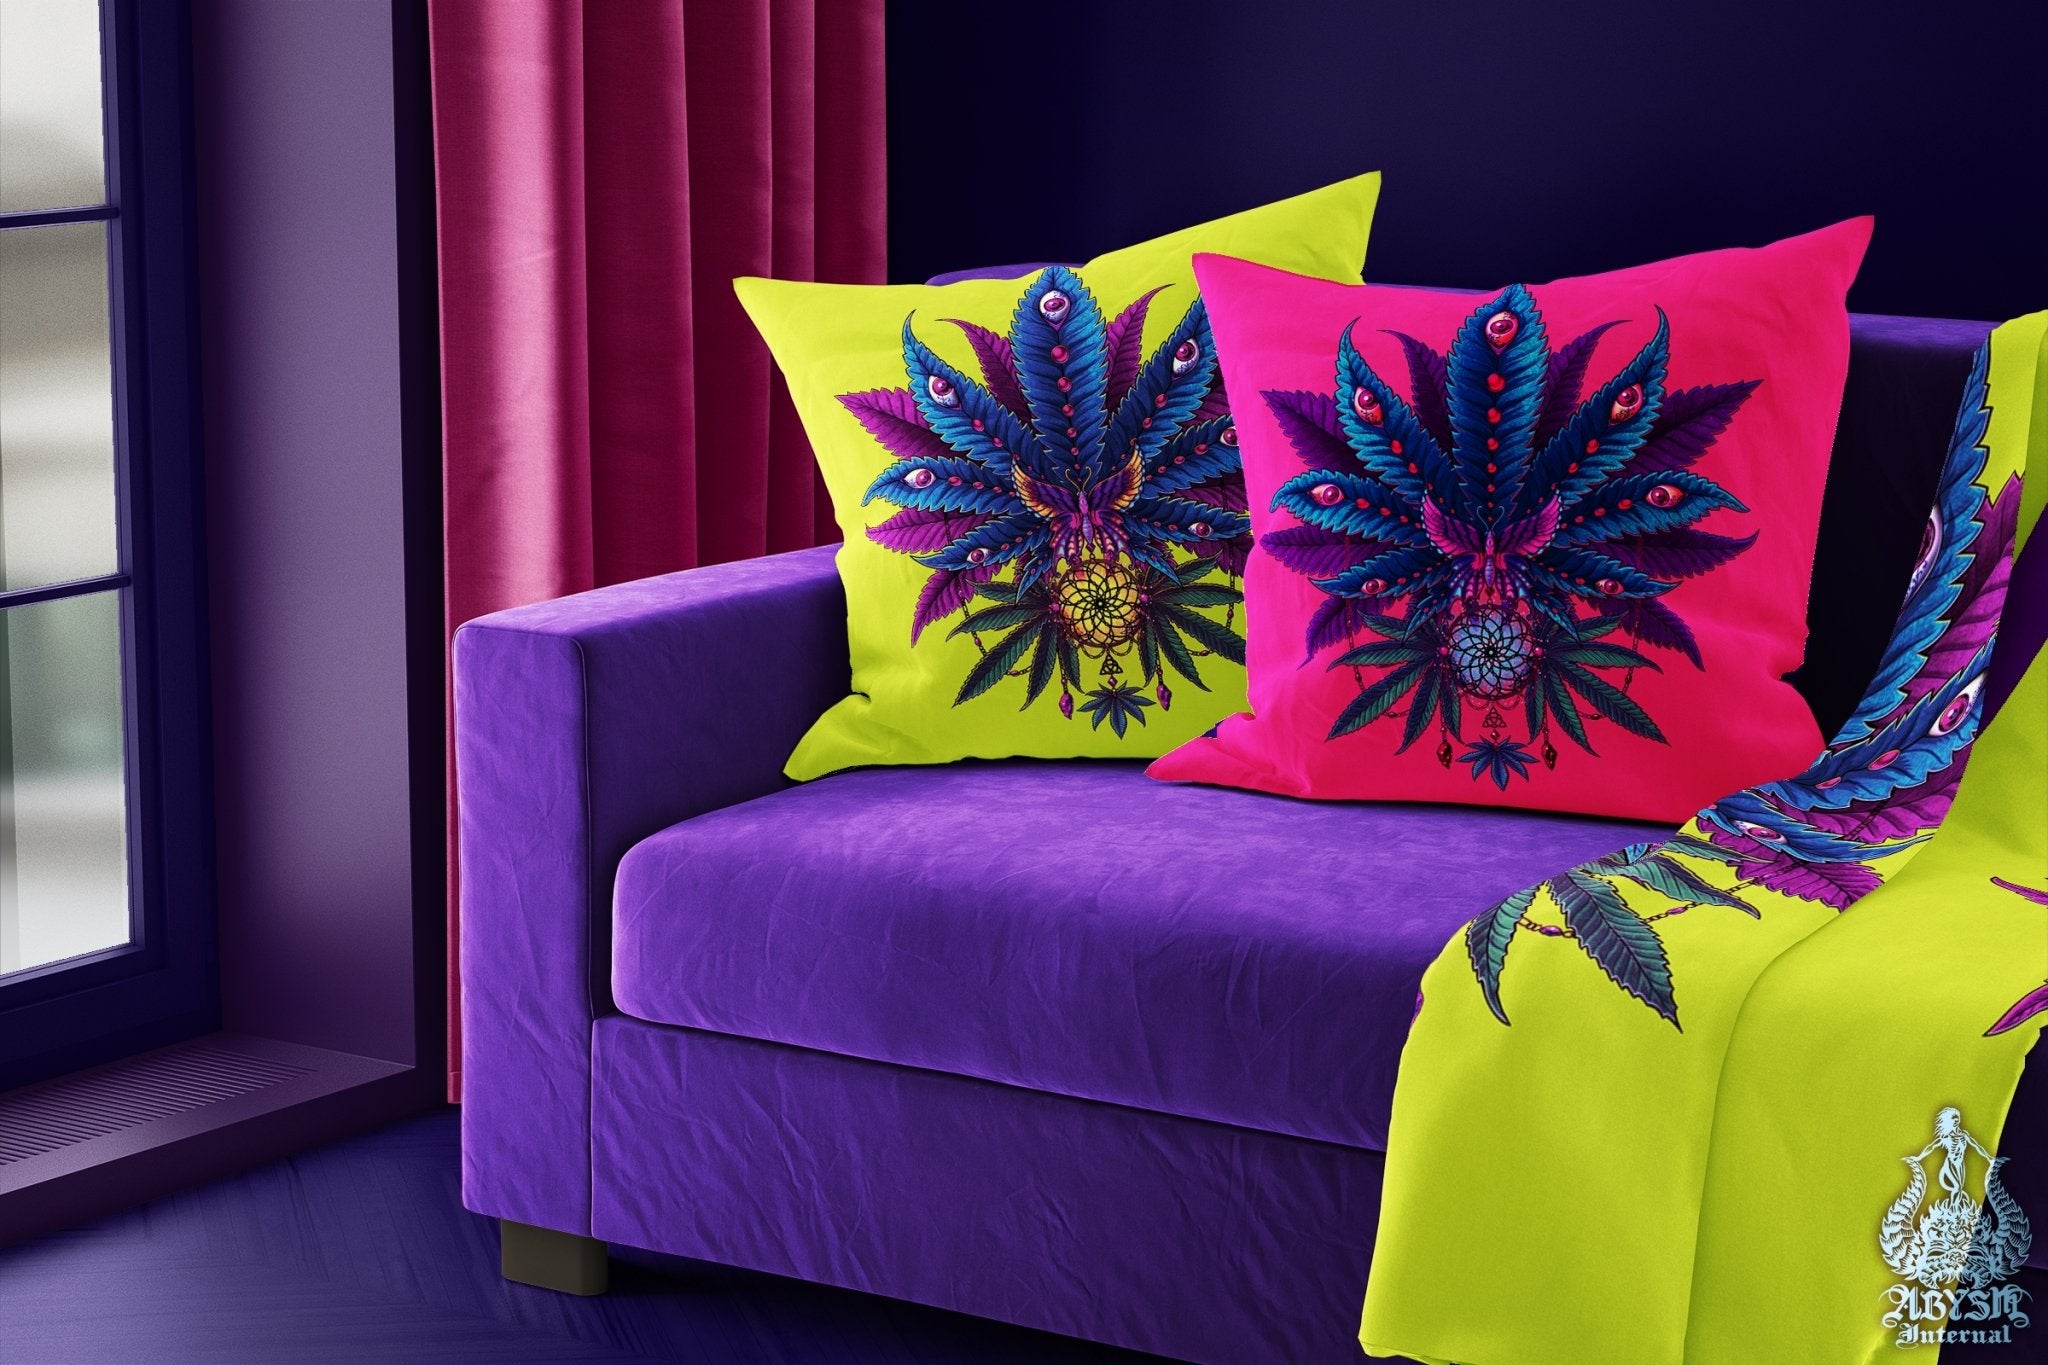 Weed Throw Pillow, Cannabis Shop Decor, Vaporwave Decorative Accent Cushion, Retrowave 80s Room Decor, Synthwave and Psychedelic 420 Art Print - Neon II - Abysm Internal
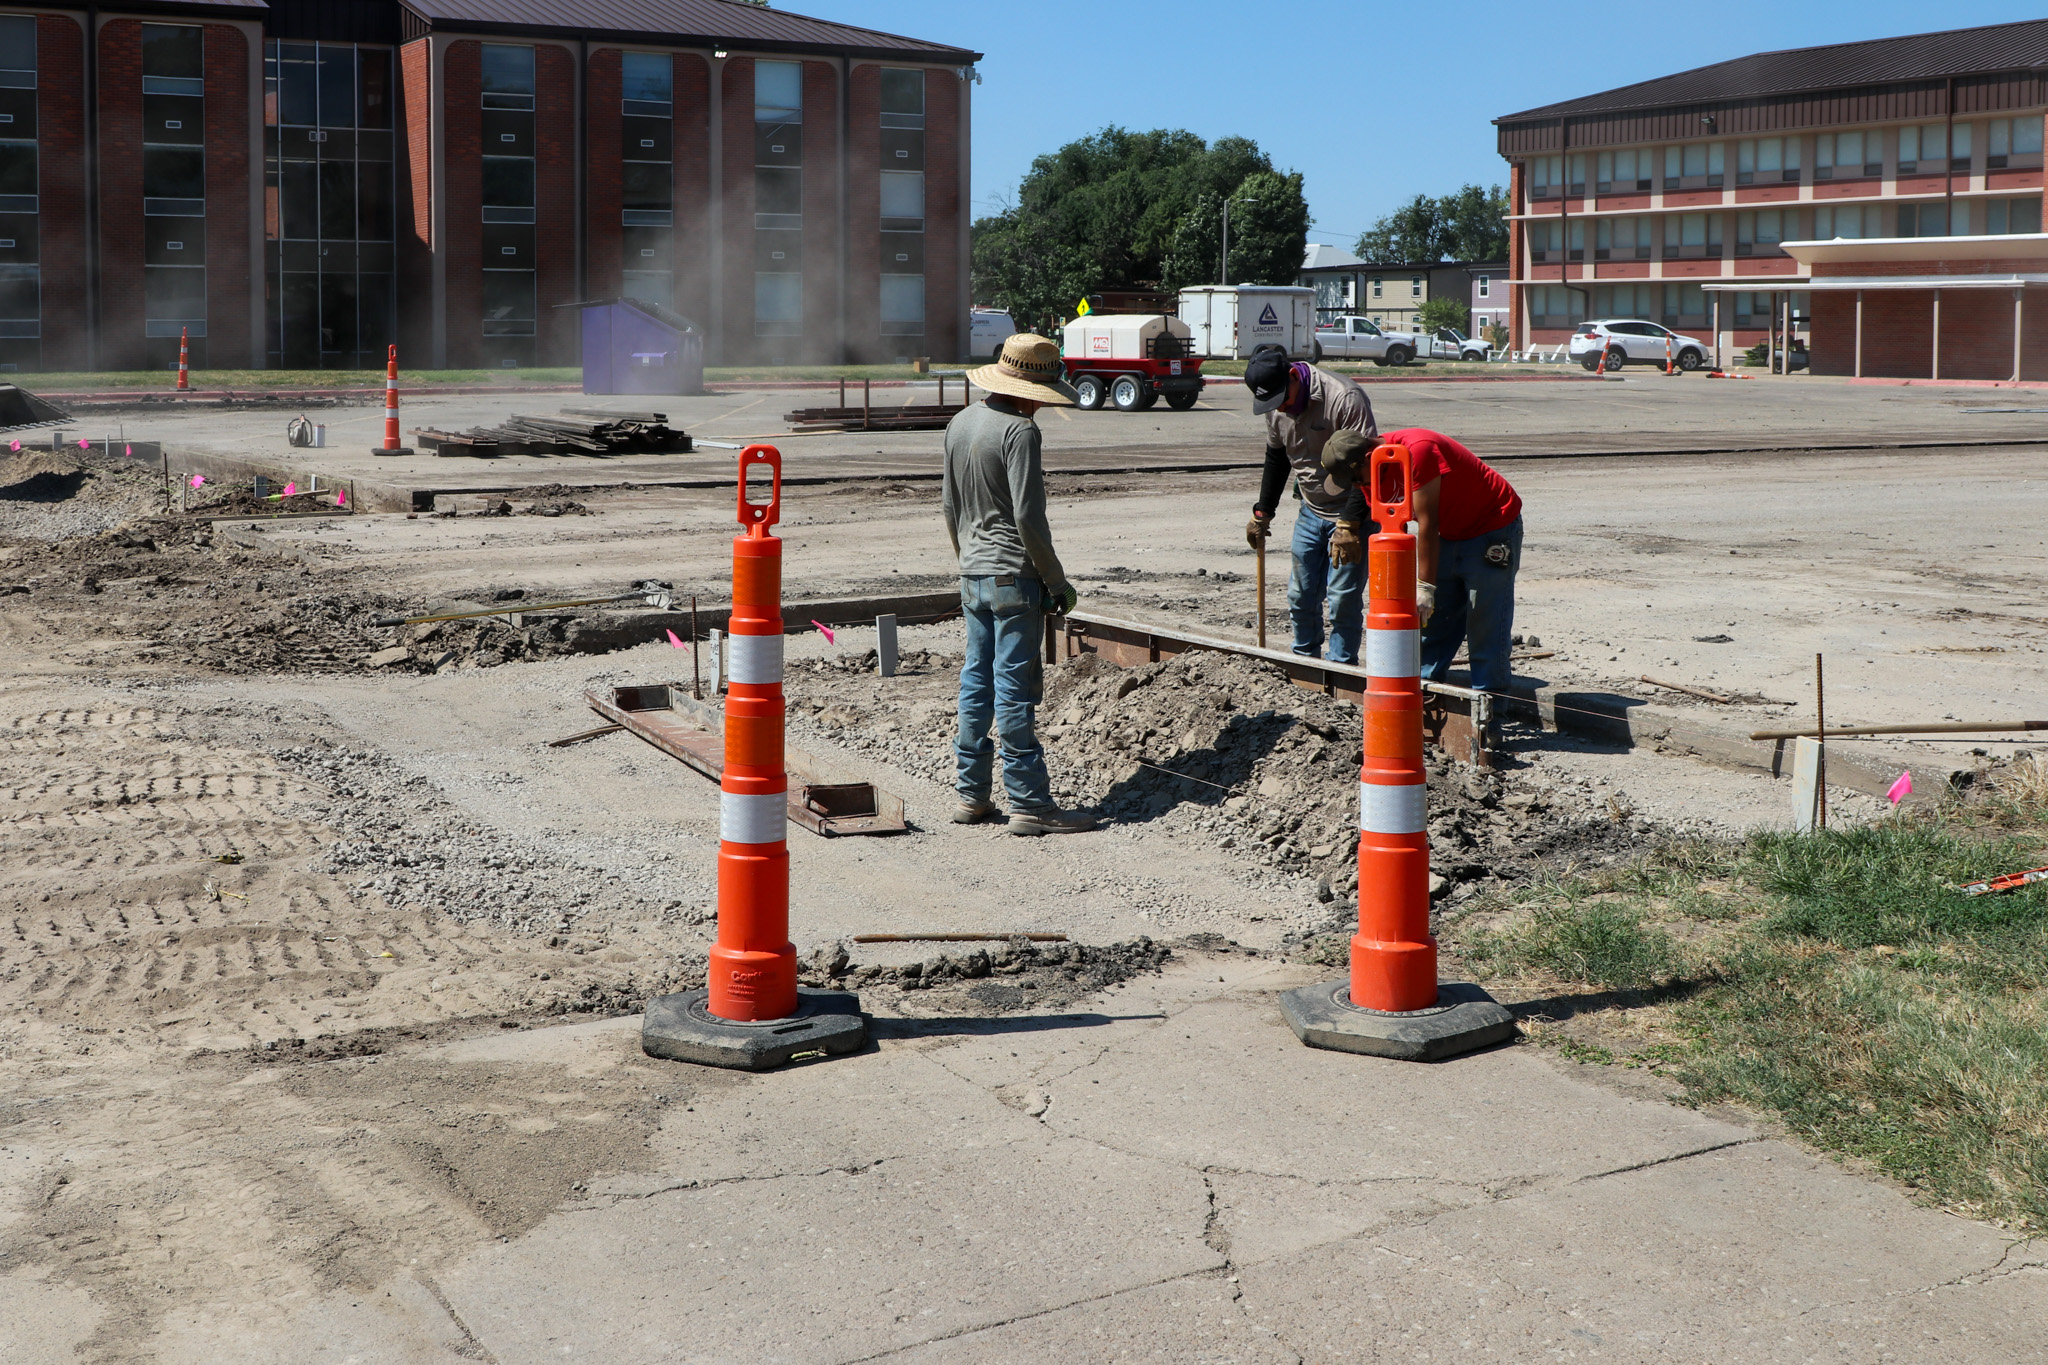 Men working outside, smoothing dirt near caution cones
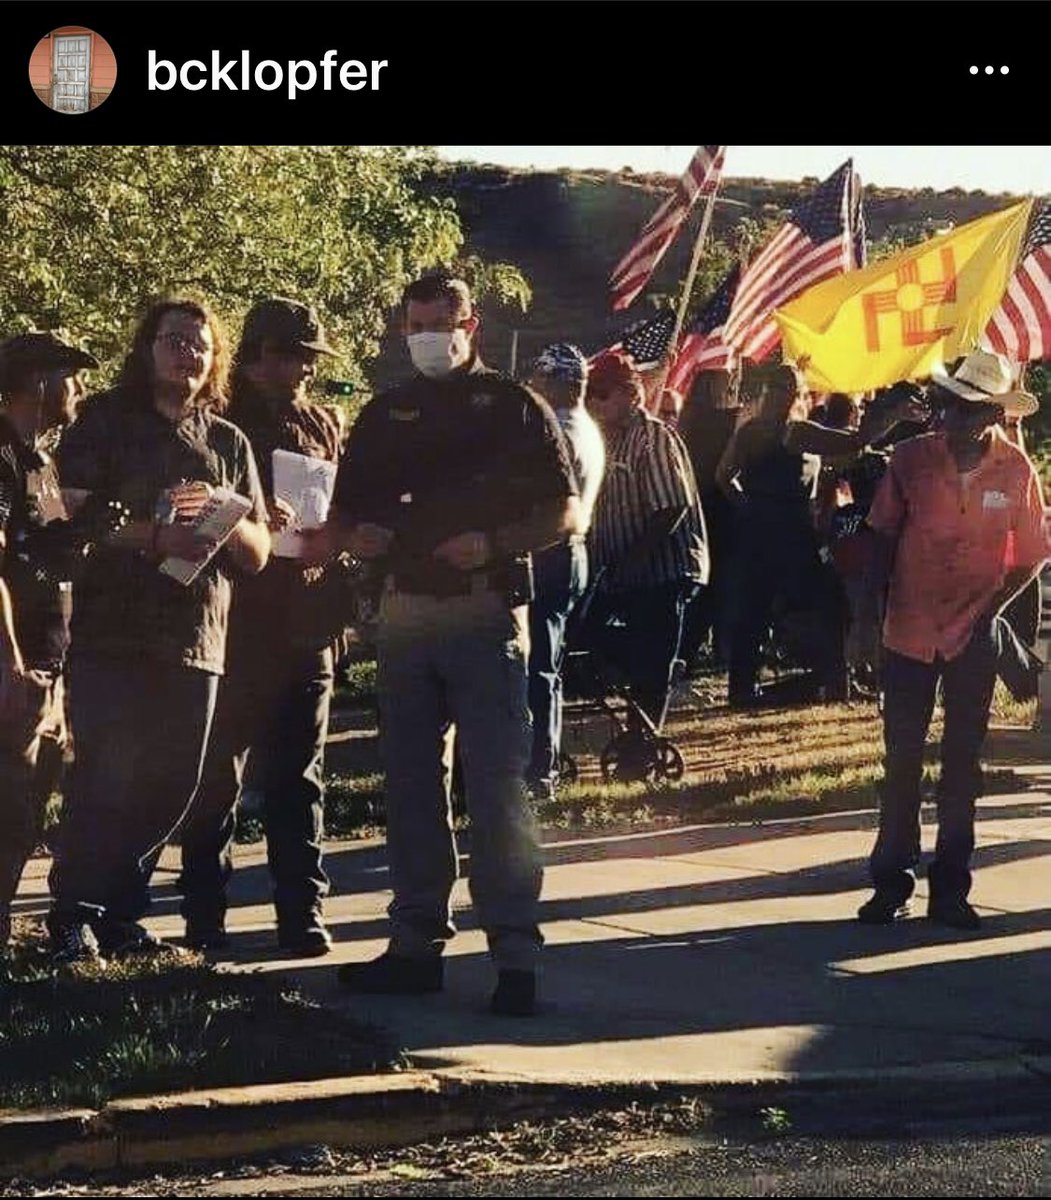 Sorry for the misspellings. I just finished a run and found all these hateful images on my phone. The cop (the only one wearing a mask) in this picture is San Juan County Sheriff Shane Farrari.
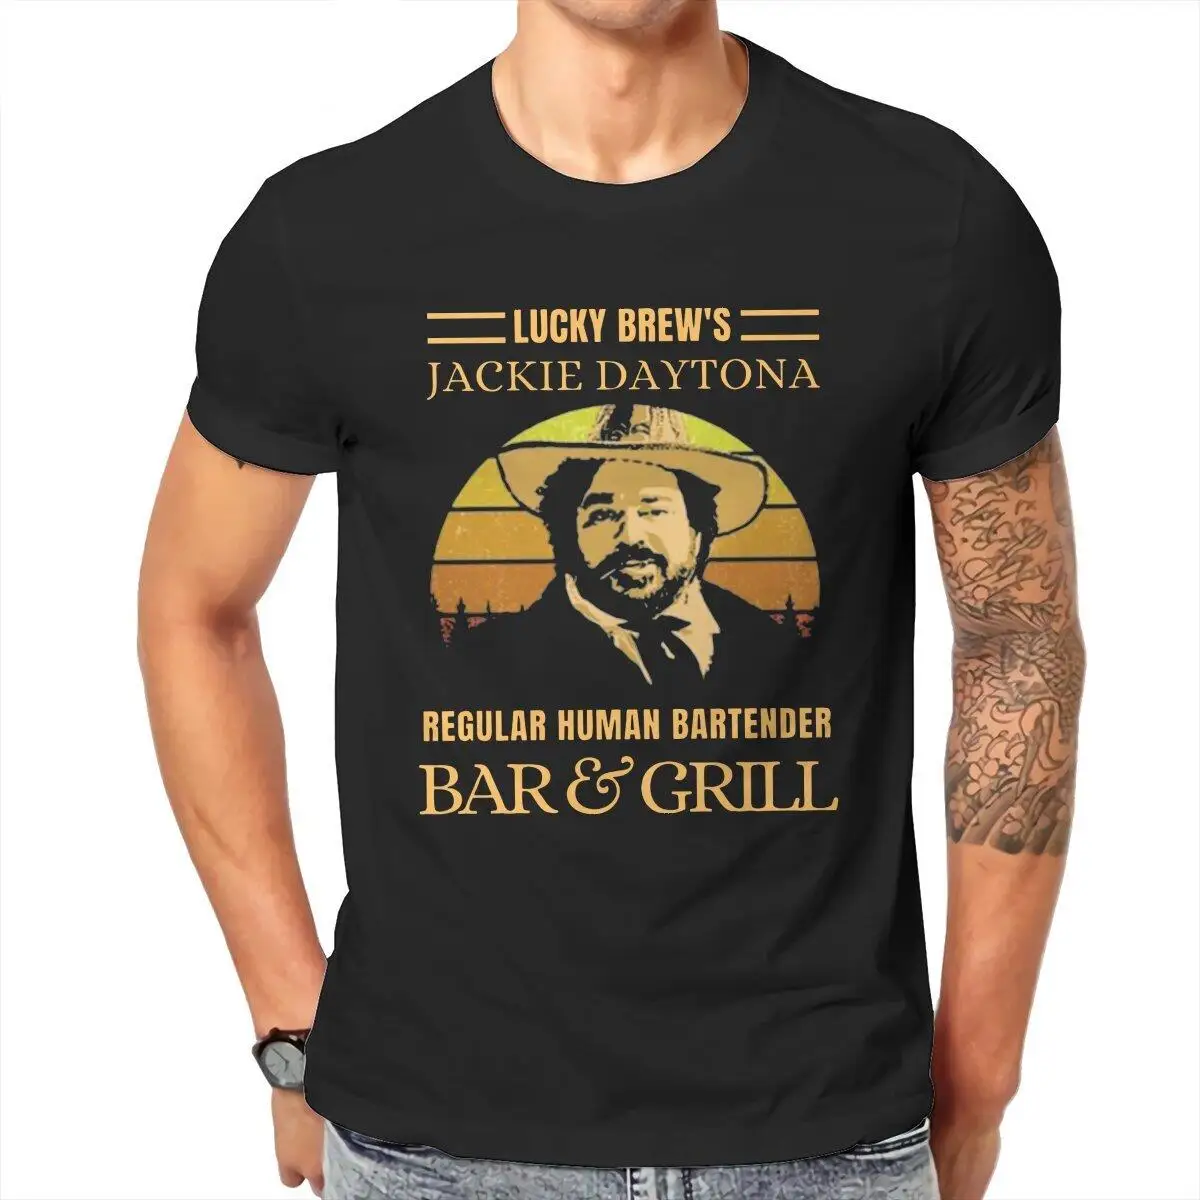 Lucky Brew's Jackie Daytona Bartender T-Shirts Men What We Do in the Shadows Cotton Tee Shirt Crewneck T Shirts Plus Size Tops

■ Work task: Print the line above containing "Men working outside, smoothing", the line containing "Sorry for the", and everything between them, exactly as written. Pictures stay out.

■ Solution for this problem:
 Men working outside, smoothing dirt near caution cones
 Sorry for the misspellings. I just finished a run and found all these hateful images on my phone. The cop (the only one wearing a mask) in this picture is San Juan County Sheriff Shane Farrari.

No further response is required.